Craig Blackwell played guitar, bass, and keys on Todd La Torre’s first solo album, Rejoice in the Suffering. He also co-composed the record. In this interview, we talk about his musical history, his work on Rejoice in the Suffering, and his feelings about KISS’ “Mr. Blackwell.”
William: Is this your first interview?
William: Great. We’re making journalistic history! How did you get into playing guitar?
Craig: That started back when I was about seven years old. I lived with my mother, mainly. Whenever she would drive me back and forth to school, we’d always listen to music. She was real big into Neil Diamond and some other artists. I was always listening to music. Well, one day she picked me up from school and on the way home she had a catalog in the car. I was just flipping through the pages and I stumbled across an acoustic guitar in the music section. I went “Ah, Mom! Look at that!” She went, “Wow! Do you like that?” I go, “I’d love to have one of those,” and she whipped the fastest U turn I’ve ever seen and we went down to the nearest music store and she bought me a guitar. There was a TV show at the time on WEDU here, channel three, and there was a guy every Saturday morning that would tune the guitar with you and then teach you chords on TV. That’s where it all started.
William: I used to play a good bit, and my mom bought me my first guitar, too.
Craig: Moms are always our biggest fans.
William: They sure are. Thanks goodness for moms!
You and Todd have known each other since you were teenagers. How did y’all meet?
Craig: We went to the same high school. At the time, I had a band in school. I had a drummer, bass player, another guitar player, and we were kind of rotating singers because singers are hard to find in school. Our drummer’s father didn’t want him playing in the band anymore. One of our mutual friends, Russ, had mentioned to me, “Well, hey, I know a guy. He’s a little younger than us, but he’s a really good drummer. His name’s Todd and we can go over to his house and he would love to play in the band, I’m sure.” We talked with Todd and he said, “Yeah, come on over. I’ll play you some songs. So we went over to his house, which was right around the corner from all of our houses. He played “Modern Day Cowboy” from Tesla for me. He was about fifteen seconds into the song and I went, “Dude, you’re in. You’re in. That’s it.” That’s all I needed to hear.
Craig: So we became super-close friends and we just grew together and realized that writing and playing together was what we wanted to do. We’ve been best friends ever since.
William: When did you first hear Todd sing and what was your reaction?
Craig: Back in high school, Todd and I agreed on doing—ironically, enough—“Silent Lucidity” live at school. We did an acoustic version with some other guys.
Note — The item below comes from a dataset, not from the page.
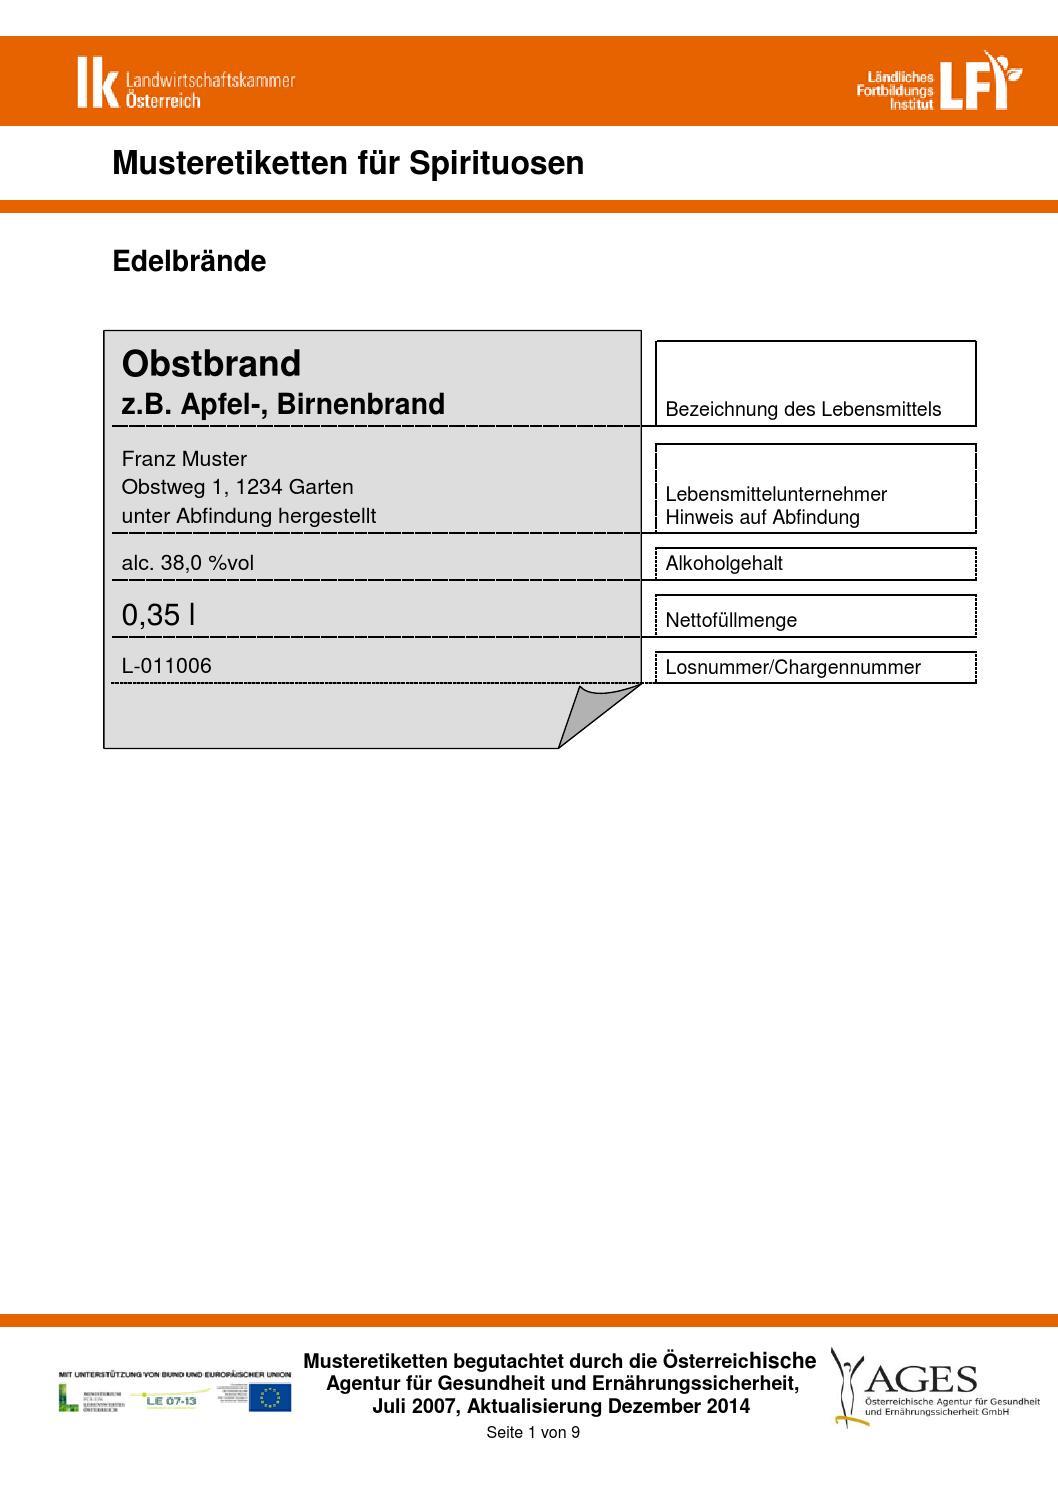 Musteretiketten spirituosen 171214 by Hygiene bei Edelbrennern - issuu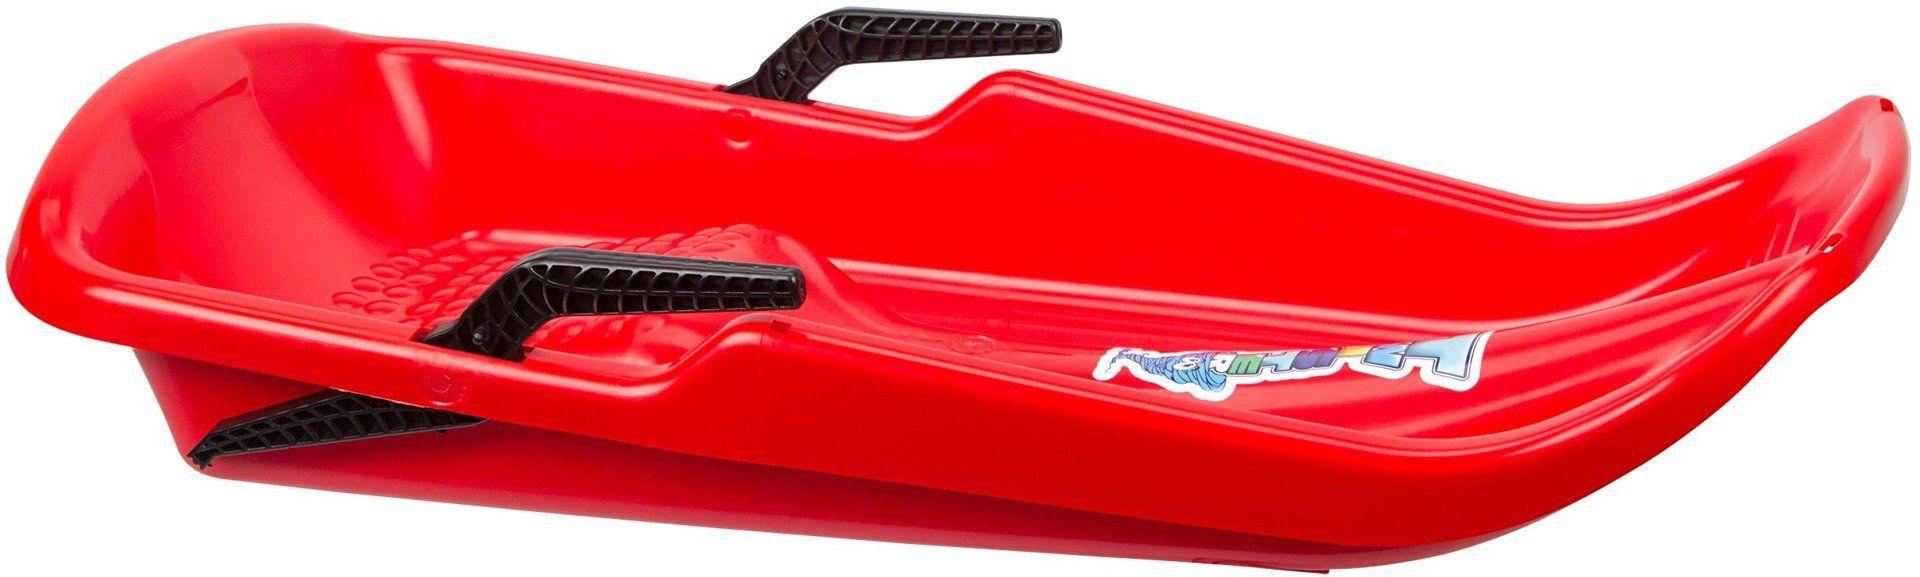 Sanki plastikowe z hamulcem dla dzieci Twister

That was really, I think, the first time Todd sang live in front of hundreds of people. It was a packed house. After high school, Todd and I lived together for about three years. He had purchased a house in St. Petersburg. When I moved out from where I was, he asked me, “Hey, you want to come be my roommate? We’d have a blast.” Obviously, the music was a big thing. He had his drum kit set up in the house, and I had all my guitar stuff, so we disturbed our neighbors quite a bit. It was the loud house on the block. We lived together for a little while, and we were singing back and forth. Todd’s vocal ability definitely developed over the years. Jumping forward to Crimson Glory. That’s when he really . . . . That’s when I was like, “Wow! How did you pull that off? You just became this amazing singer overnight, almost.” He’d been working really hard on it. It just goes to show you that with drive and ability you can really take off, and that’s what happened for Todd.
William: So what did he sound like in the early, pre-Crimson Glory days?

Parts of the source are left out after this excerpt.